Citizen Scientists use Crowdsourcing
A recent article in The Wall Street Journal examined the emerging role of citizen scientists in research. Citizen scientists are taking on a variety of projects to advance research, many in collaboration with scientists. One such project created by Genetic Alliance and Sage Bionetworks, That’s My Data!, launched earlier this year. This partnership looks to broker relationships between participants and researchers; ensuring open access to results for participants in exchange for samples. Many of these projects utilize crowdsourcing, and the Boston Globe highlights how citizen scientists are using crowdsourcing to fold proteins, decipher hieroglyphics, and categorize galaxies.
Million Veteran Program
The Veterans Affairs (VA) Office of Research and Development has launched the Million Veteran Program (MVP), an important partnership between VA and veterans. The goal of the MVP is to better understand how genes affect health and illness in order to improve health care for veterans. The MVP takes advantage of the electronic medical record system that has been in place in VA hospitals for the past two decades. These records are coupled with a donated blood sample from veterans who volunteer for the study. All information is deidentified, and veterans agree to be recontacted. This important research initiative may be the largest research database in the world, and has the potential to unlock information about genes and environment.
Learn more about MVP.
Solutions for Barriers to Collaboration
In a recent The Experts Speak opinion piece in the journal Biopreservation and Biobanking, What Are the Main Roadblocks to Transnational Biobank Collaboration, and How Can We Overcome Them, several experts identified challenges associated with transnational biobank collaboration and offered solutions. While each expert had a slightly different perspective, common themes included privacy law challenges, inconsistent quality of samples, and inconsistent utilization of standard operating procedures (SOPs). To combat these difficulties, many experts proposed more homogeneity in the construction of biobanks and following international standards and practices. The Biobanking and Biomolecular Resources Research Infrastructure (BBMRI) Catalogue of European Biobanks was highlighted as a resource for transnational collaborations.

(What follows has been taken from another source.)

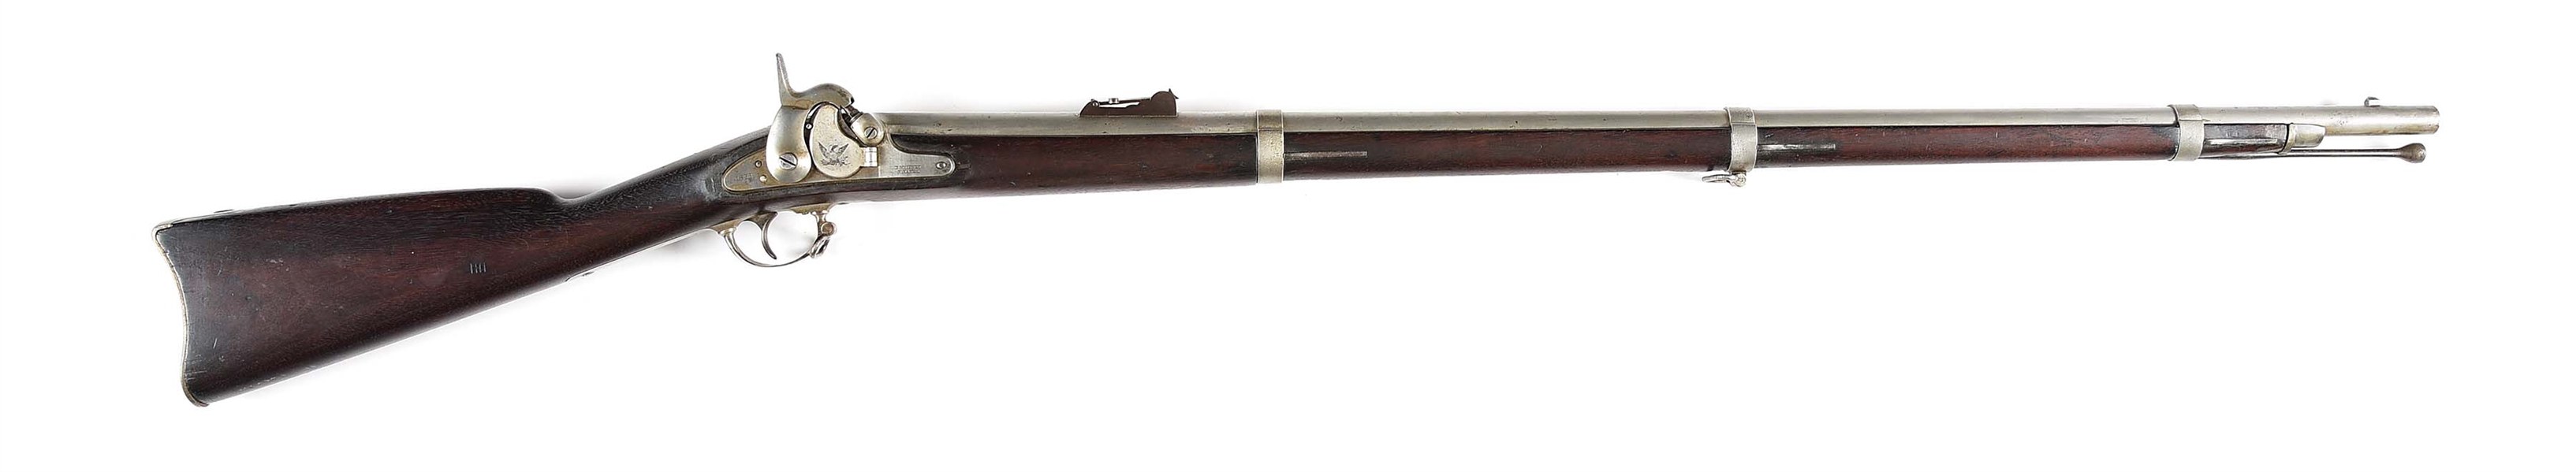 (A) RARE WHITNEY MODEL 1855 .58 CALIBER PERCUSSION RIFLED MUSKET DATED 1858.

52 Weeks – 52 Biobanking Tips
For the past year, Genetic Alliance Registry & BioBank has provided a weekly tip about registries and biobanks. This tip series is designed for individuals and advocacy organizations in all stages on the journey of creating and cultivating a registry or biobank. Sign up for biobank weekly tips in 2012, view the biobank weekly tip archive, or follow @GaBioBank on Twitter.
IRB Webinar Archived
Demystifying the IRB webinar archive is now available on YouTube. On December 7, Marianna Bledsoe, senior program manager, Department of Veterans Affairs, Liz Horn, director, Genetic Alliance Registry & BioBank, and Susan Brown Trinidad, research scientist, University of Washington, provided practical strategies for working in partnership with your IRB, such as engaging your IRB early and often. The panelists also reviewed how to write an informative biorepository research protocol and provided an update on relevant policy developments in the U.S.
The NIH Biospecimens Interest Group will meet on January 26 at 1:00 PM EST in the Lipsett Amphitheater, Building 10 (NIH Clinical Center). This session will focus on Acquisition of Normal Tissues for the GTEx Program. Presentations include: 1) The Genotype-Tissue Expression (GTEx) Program: Scientific Goals and Objectives, and 2) caHUB Support of GTEx: Overcoming Scientific and Operational Challenges to Deliver High-Quality Tissues. The presentation will be broadcast live.